%%

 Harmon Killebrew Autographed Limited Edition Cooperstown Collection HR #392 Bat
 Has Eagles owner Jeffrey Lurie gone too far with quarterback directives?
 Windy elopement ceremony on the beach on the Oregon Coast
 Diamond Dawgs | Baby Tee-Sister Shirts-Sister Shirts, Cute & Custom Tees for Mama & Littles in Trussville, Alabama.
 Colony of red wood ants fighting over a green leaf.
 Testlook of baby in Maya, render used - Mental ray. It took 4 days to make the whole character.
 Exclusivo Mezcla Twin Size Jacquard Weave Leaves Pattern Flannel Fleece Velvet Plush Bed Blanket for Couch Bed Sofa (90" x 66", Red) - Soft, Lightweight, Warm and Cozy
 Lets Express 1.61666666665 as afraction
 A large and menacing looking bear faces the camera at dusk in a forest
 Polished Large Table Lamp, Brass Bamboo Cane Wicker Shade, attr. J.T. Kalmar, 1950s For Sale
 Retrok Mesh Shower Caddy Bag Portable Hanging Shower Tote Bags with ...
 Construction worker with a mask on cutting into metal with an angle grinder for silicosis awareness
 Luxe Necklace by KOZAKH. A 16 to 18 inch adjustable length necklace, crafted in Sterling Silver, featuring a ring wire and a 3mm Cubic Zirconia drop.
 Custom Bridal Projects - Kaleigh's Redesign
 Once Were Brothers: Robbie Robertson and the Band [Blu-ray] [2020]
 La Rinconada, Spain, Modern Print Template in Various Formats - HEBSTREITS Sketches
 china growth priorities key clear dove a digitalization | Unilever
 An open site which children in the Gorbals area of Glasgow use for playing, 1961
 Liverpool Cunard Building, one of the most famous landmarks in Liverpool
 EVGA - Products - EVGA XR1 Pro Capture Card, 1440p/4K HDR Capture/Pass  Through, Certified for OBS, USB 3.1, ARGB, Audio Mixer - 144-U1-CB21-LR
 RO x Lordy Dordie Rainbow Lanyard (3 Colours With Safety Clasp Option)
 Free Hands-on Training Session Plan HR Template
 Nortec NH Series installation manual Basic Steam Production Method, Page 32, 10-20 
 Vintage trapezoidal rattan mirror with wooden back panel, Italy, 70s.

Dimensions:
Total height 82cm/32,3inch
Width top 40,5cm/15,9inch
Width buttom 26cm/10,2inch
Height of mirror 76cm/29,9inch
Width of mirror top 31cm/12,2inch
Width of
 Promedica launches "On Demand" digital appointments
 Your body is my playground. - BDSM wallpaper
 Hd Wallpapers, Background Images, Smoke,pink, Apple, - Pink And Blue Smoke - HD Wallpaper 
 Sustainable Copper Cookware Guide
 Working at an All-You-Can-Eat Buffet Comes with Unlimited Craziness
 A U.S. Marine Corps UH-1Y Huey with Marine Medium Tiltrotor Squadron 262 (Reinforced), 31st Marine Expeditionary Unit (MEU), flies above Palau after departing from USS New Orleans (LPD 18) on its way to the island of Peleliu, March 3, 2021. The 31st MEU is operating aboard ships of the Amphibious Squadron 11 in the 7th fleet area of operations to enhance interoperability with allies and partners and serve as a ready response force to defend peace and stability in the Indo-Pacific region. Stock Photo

%%

* Directions for this task *
From the line that contains "Width of mirror top 31cm/12,2inch" through the final line of the entries above, every line must be reproduced exactly and nothing more.

* Written answer *
Width of mirror top 31cm/12,2inch
Width of
 Promedica launches "On Demand" digital appointments
 Your body is my playground. - BDSM wallpaper
 Hd Wallpapers, Background Images, Smoke,pink, Apple, - Pink And Blue Smoke - HD Wallpaper 
 Sustainable Copper Cookware Guide
 Working at an All-You-Can-Eat Buffet Comes with Unlimited Craziness
 A U.S. Marine Corps UH-1Y Huey with Marine Medium Tiltrotor Squadron 262 (Reinforced), 31st Marine Expeditionary Unit (MEU), flies above Palau after departing from USS New Orleans (LPD 18) on its way to the island of Peleliu, March 3, 2021. The 31st MEU is operating aboard ships of the Amphibious Squadron 11 in the 7th fleet area of operations to enhance interoperability with allies and partners and serve as a ready response force to defend peace and stability in the Indo-Pacific region. Stock Photo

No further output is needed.